Когда тетя Далия назвала этого беса в юбке красавицей, она ничуть не погрешила против истины. В самом деле, ее внешняя оболочка того сорта, что заставляет случайного наблюдателя качнуться на каблуках и присвистнуть от восхищения. Но, обладая глазами, сияющими, как звезды, волосами оттенка спелой вишни, неотразимым шармом, espieg-lerie и прочими необходимыми аксессуарами, Б. Уикем сочетает с ними непредсказуемость бомбы с часовым механизмом. Находясь в ее обществе, постоянно испытываешь тоскливое чувство, что вот-вот все с треском полетит к чертовой бабушке. Никогда не знаешь, что она может выкинуть и в какую невообразимую передрягу влипнешь по милости ее легкомыслия.
- Мисс Уикем недостает серьезности, сэр, - предостерег меня Дживс, когда моя любовная лихорадка была в самом разгаре, - она ветрена и легкомысленна. Я бы не рискнул рекомендовать кому бы то ни было в качестве спутницы жизни юную леди с рыжими волосами столь яркого оттенка.
И он, как всегда, был прав. Я уже рассказывал, как она подговорила меня прокрасться в спальню сэра Родерика Глоссопа и проткнуть шилом его грелку, и это еще цветочки по сравнению с другими ее выходками. Короче говоря, Роберта, дочь покойного сэра Катберта и леди Уикем из Скелдингс-Холла, Хартс - сущий динамит, и всякому, мечтающему о спокойной жизни, лучше держаться от нее подальше. Перспектива оказаться с ней под одной крышей, при всех тех возможностях, которые загородный дом предоставляет изобретательной девушке, чтобы втянуть своих друзей и близких в очередную заваруху, породила у меня серьезные сомнения и чуть было не заставила отказаться от поездки.
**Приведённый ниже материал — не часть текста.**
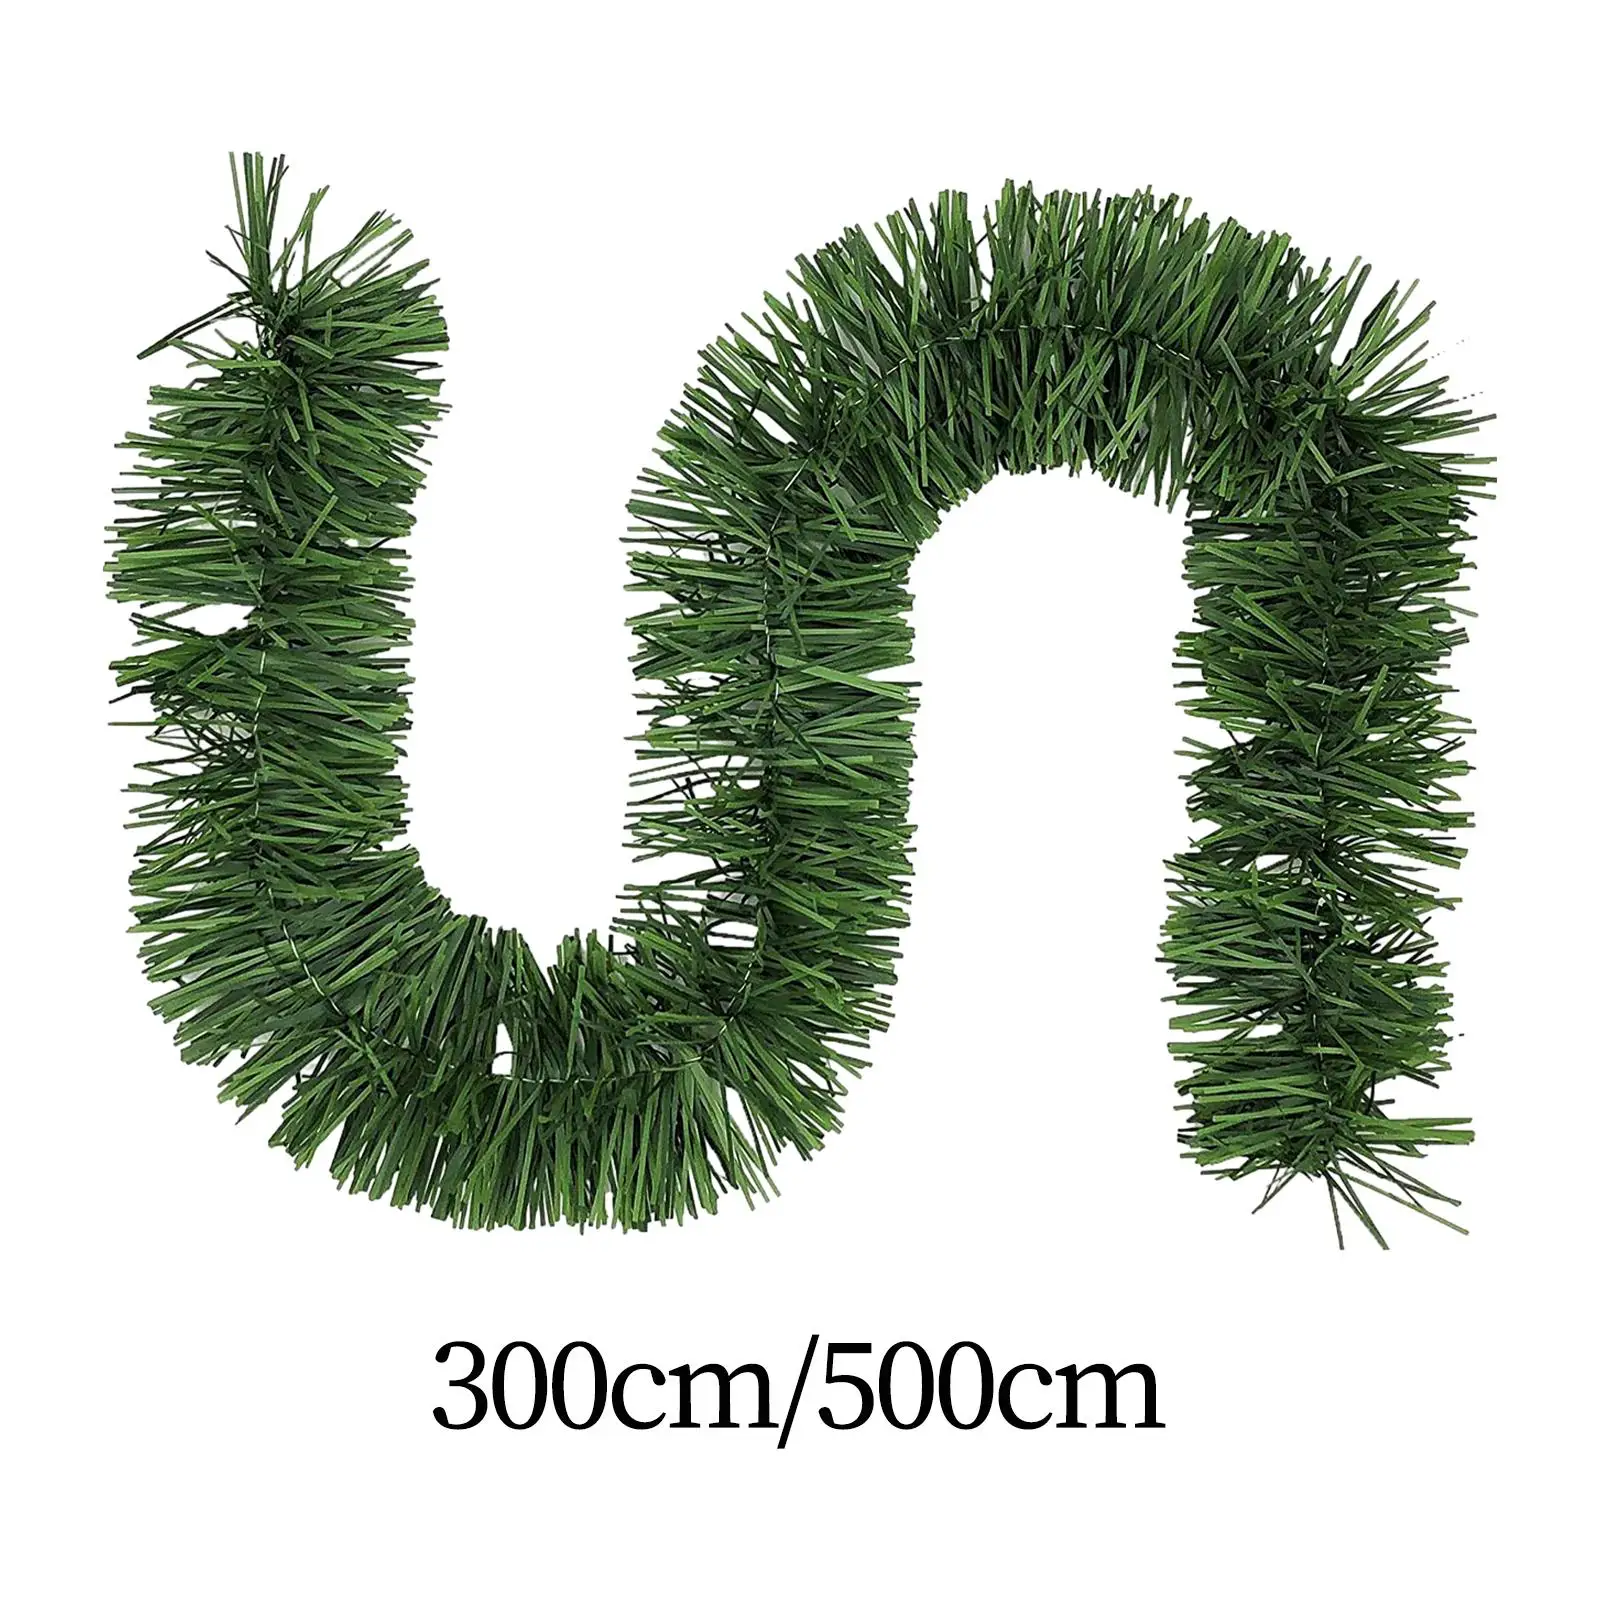 Artificial Christmas Garland Christmas Decorations Hanging Holiday Garland for Railing Table Indoor Outdoor Winter Outside

Не успел я оправиться от этого удара, как престарелая родственница нанесла следующий, и это был чистый нокдаун.
- И еще у нас гостит Обри Апджон со своей падчерицей Филлис Миллс, - сказала она. - Такая вот компания. Что с тобой? У тебя астма?
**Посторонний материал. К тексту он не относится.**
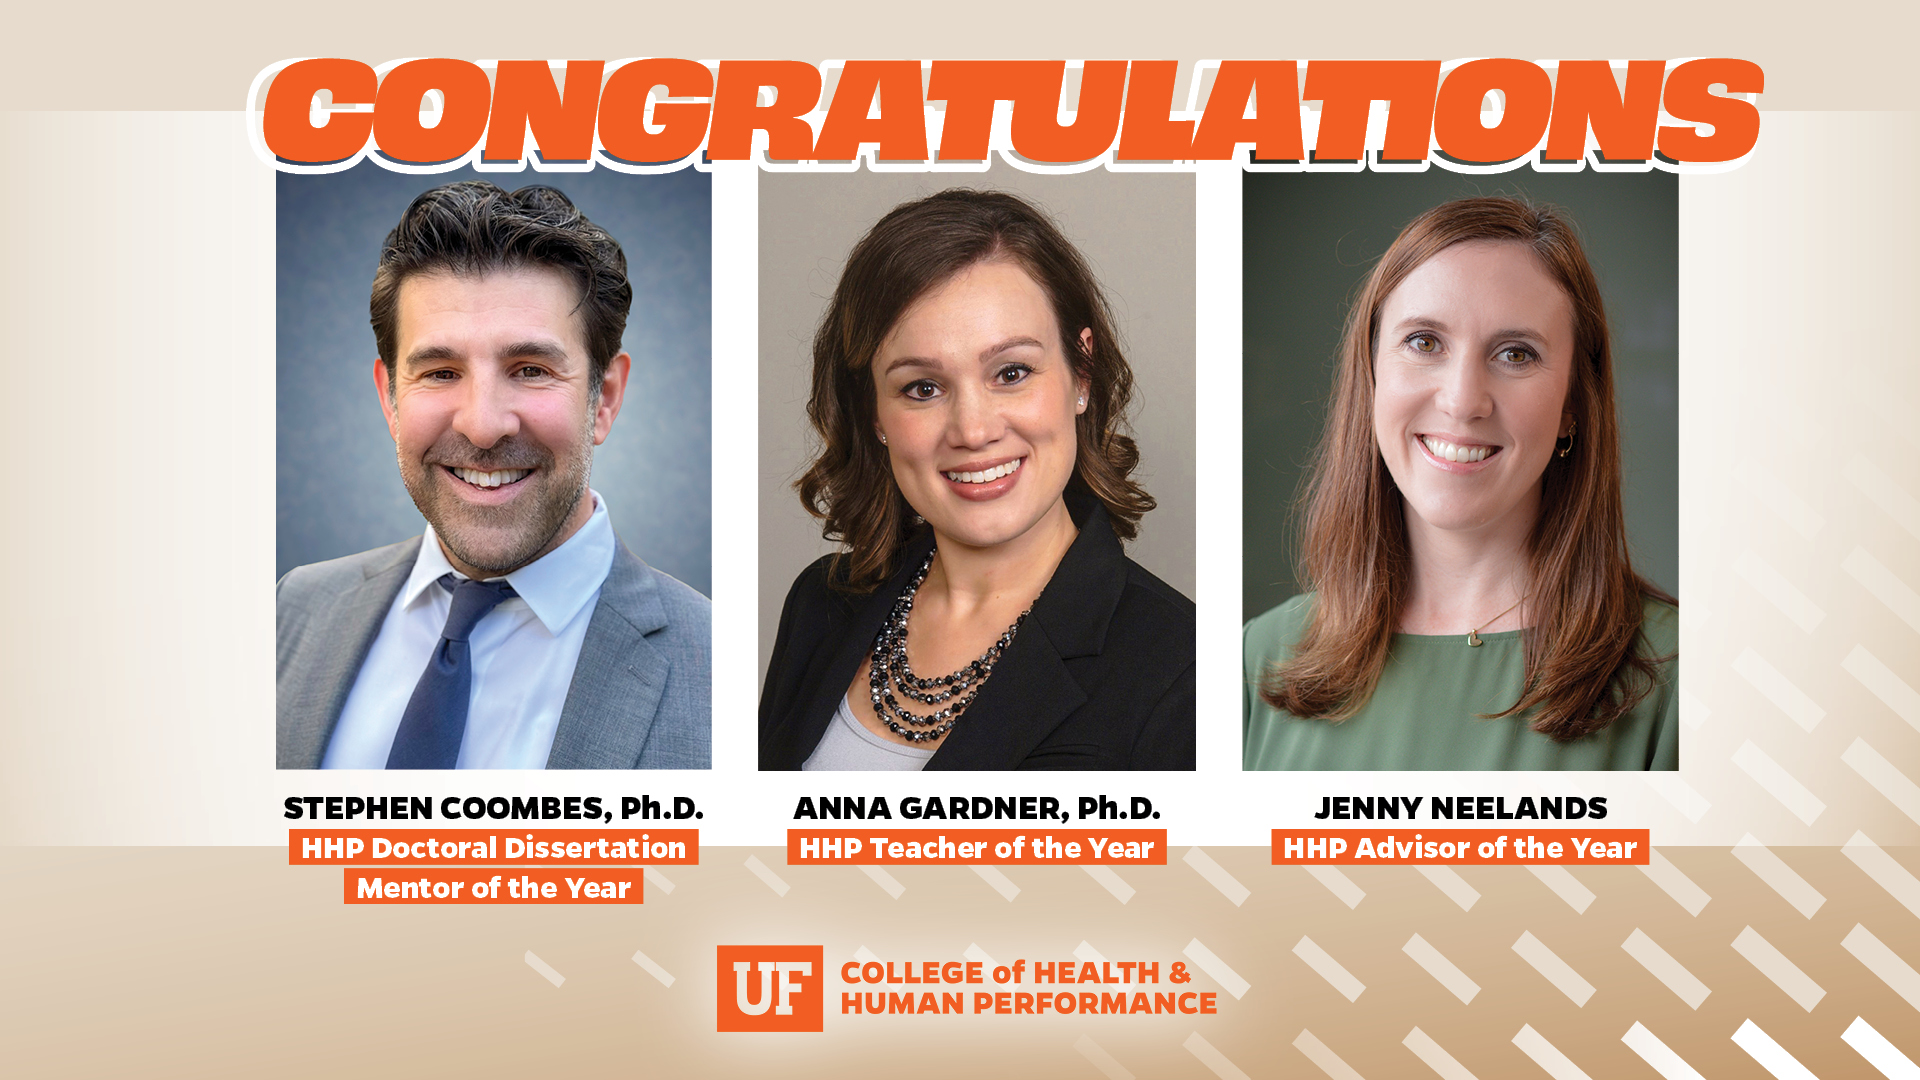 Celebrating the UF College of Health & Human Performance Educators of the Year

Очевидно, она спросила про астму, услышав хриплый стон, который сорвался с моих губ, и должен сознаться, что он весьма походил на предсмертный крик подстреленной дикой утки. Впрочем, такая моя реакция была вполне оправданной. Человек с более слабыми нервами взвыл бы на моем месте, как пожарная сирена. На ум пришли слова, которые сказал мне как-то Селедка. "Знаешь, Берти, - сказал он, находясь в философическом настроении, - нам с тобой есть за что благодарить судьбу. Как бы ни была сурова к нам жизнь, есть одна мысль, которая должна нас укреплять и поддерживать во всех наших невзгодах. Пусть над нашими головами сгущаются тучи и тьма скроет полуденное солнце; пусть в ботинке вылезет гвоздь или мы угодим под дождь без зонтика; спустившись к завтраку, мы можем обнаружить, что кто-то съел последнее яйцо всмятку; но при всем этом у нас всегда есть утешение, что мы никогда больше не увидим этого кровопийцу Обри Апджона. Вспоминай об этом в минуты уныния", - сказал он, и я всегда свято следовал его совету. И вдруг сейчас этот прохвост снова всплывает в моей жизни. Тут самый мужественный человек затрубит умирающим селезнем.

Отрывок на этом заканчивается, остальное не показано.